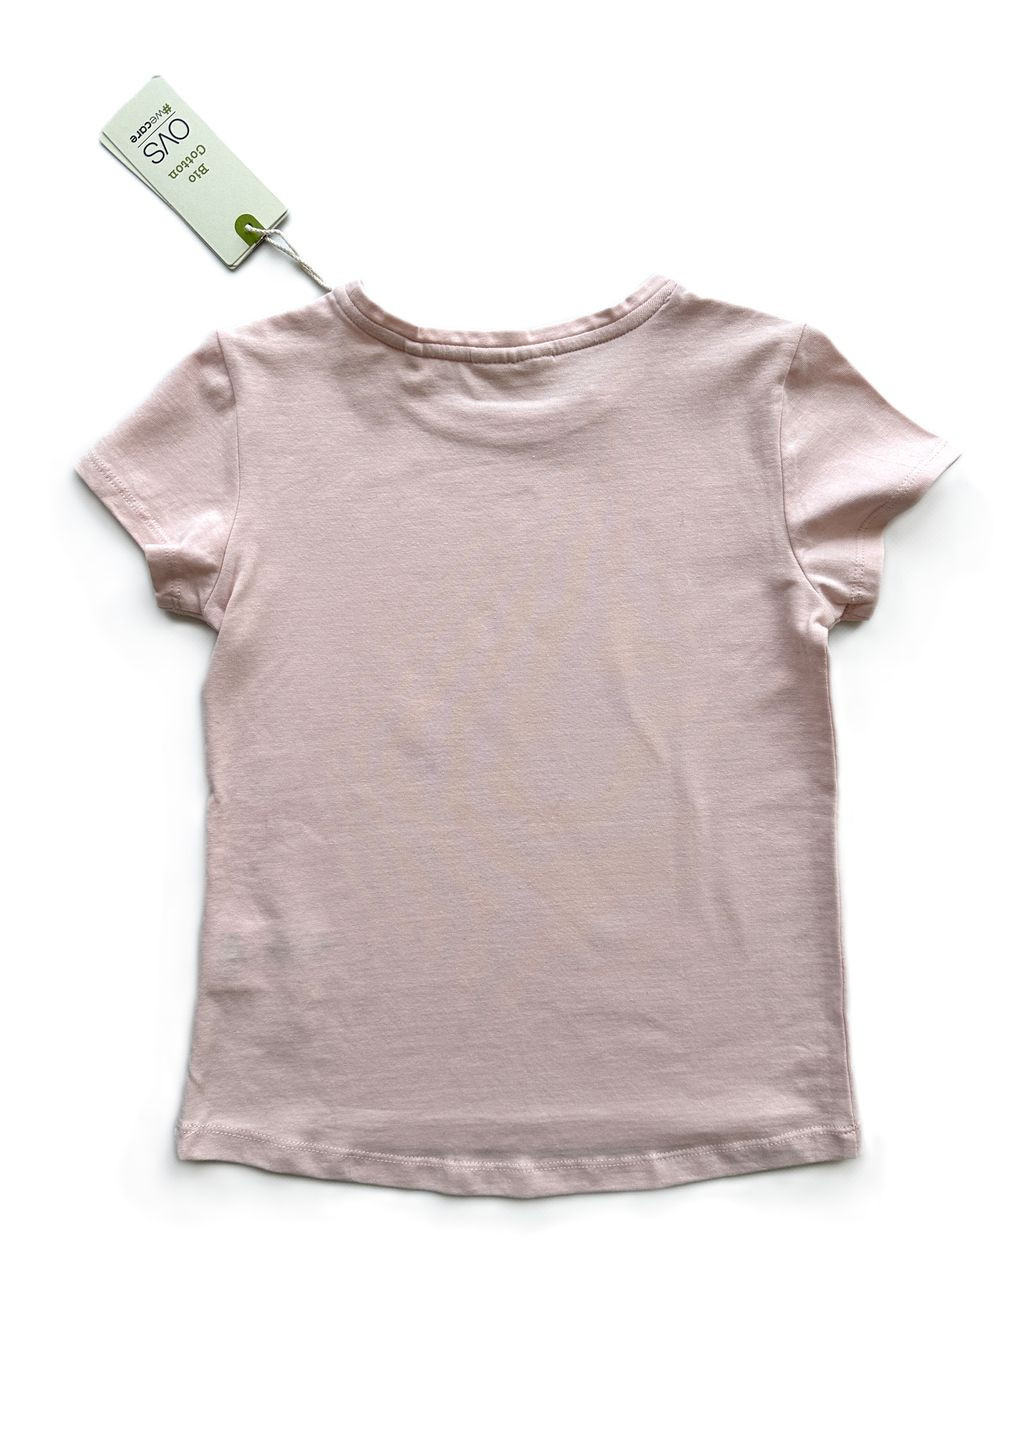 Пудровый летний комплект костюм для девочки футболка пудровая 2000-20+ леггинсы серые трикотажные 2000-96 (116 см) OVS
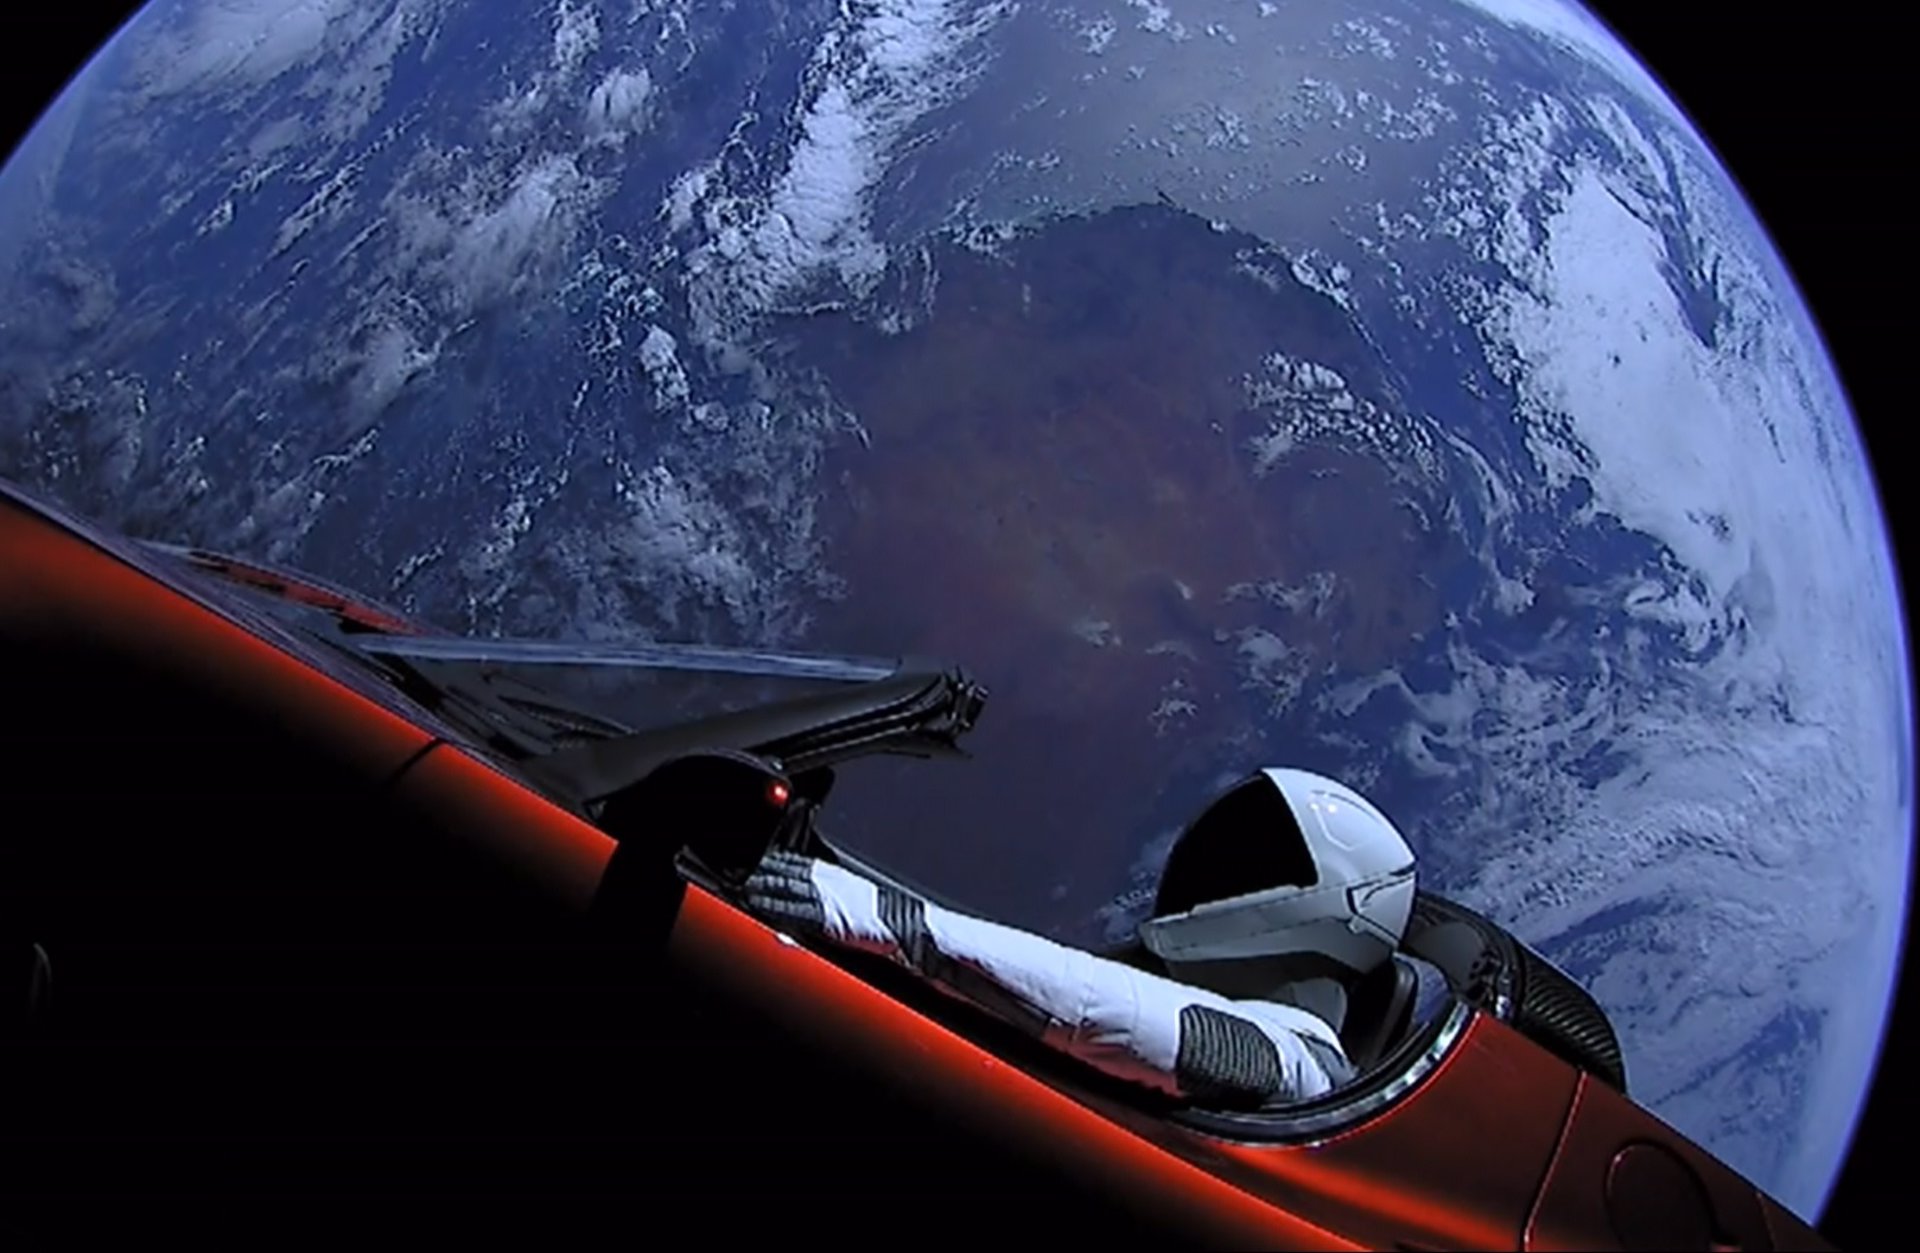 09/10/2020 Imagen del vehículo en el espacio..

El coche eléctrico Roadster de Tesla y su conductor maniquí Starman, lanzados en 2018 en la misión inaugural del cohete Falcon Heavy de Space X, han hecho su primera aproximación cercana a Marte.

POLITICA ECONOMIA
SPACEX
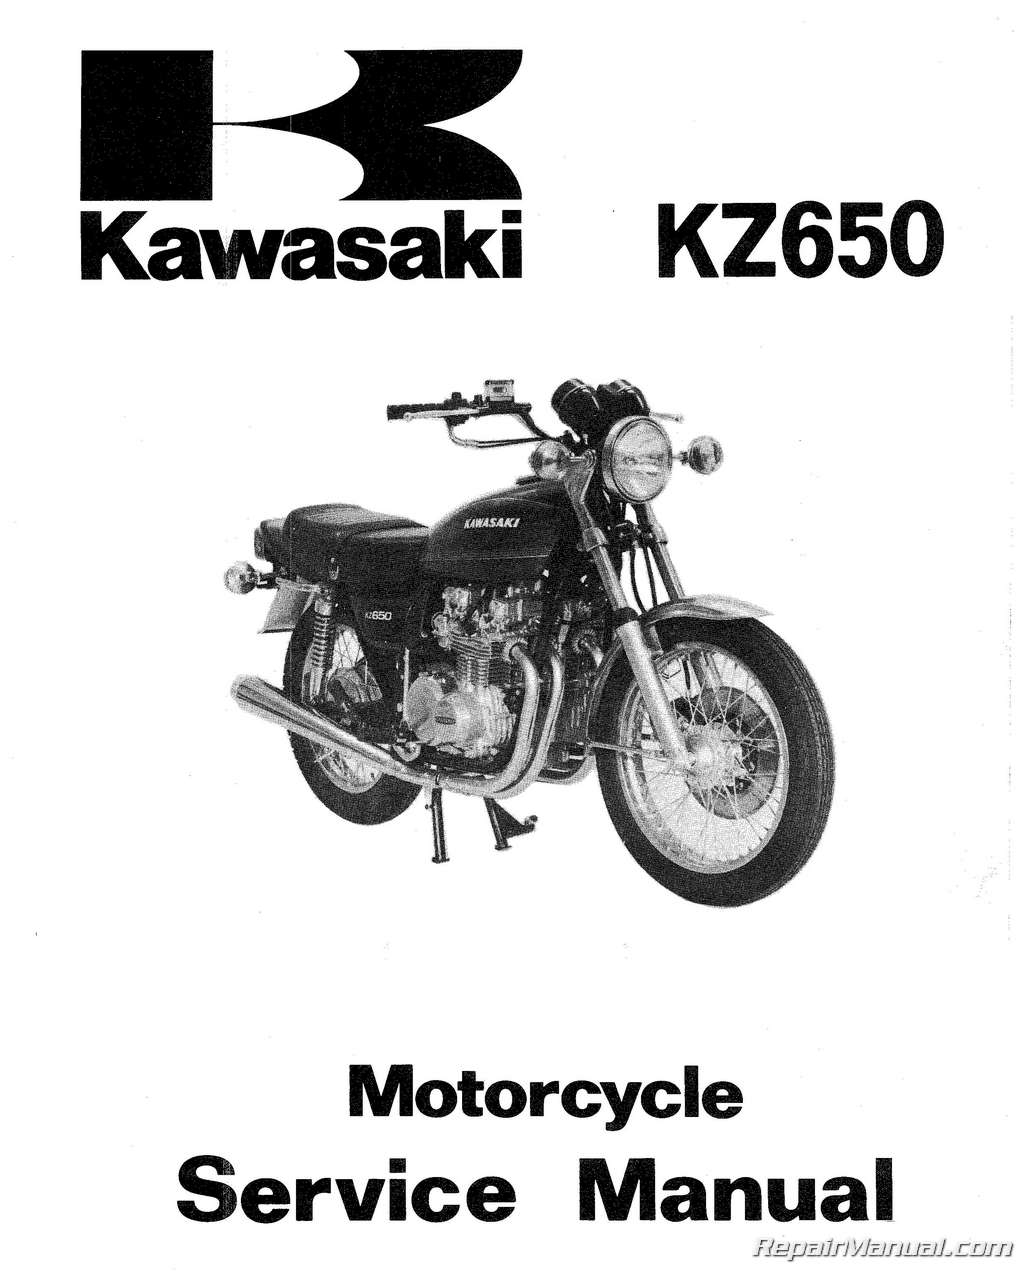 Z650 kawasaki review

----------

Problem to solve – One exact copy of the data is required, and it should hold no pictures.

Response area –
 Пудровый летний комплект костюм для девочки футболка пудровая 2000-20+ леггинсы серые трикотажные 2000-96 (116 см) OVS
 09/10/2020 Imagen del vehículo en el espacio..

El coche eléctrico Roadster de Tesla y su conductor maniquí Starman, lanzados en 2018 en la misión inaugural del cohete Falcon Heavy de Space X, han hecho su primera aproximación cercana a Marte.

POLITICA ECONOMIA
SPACEX
 Z650 kawasaki review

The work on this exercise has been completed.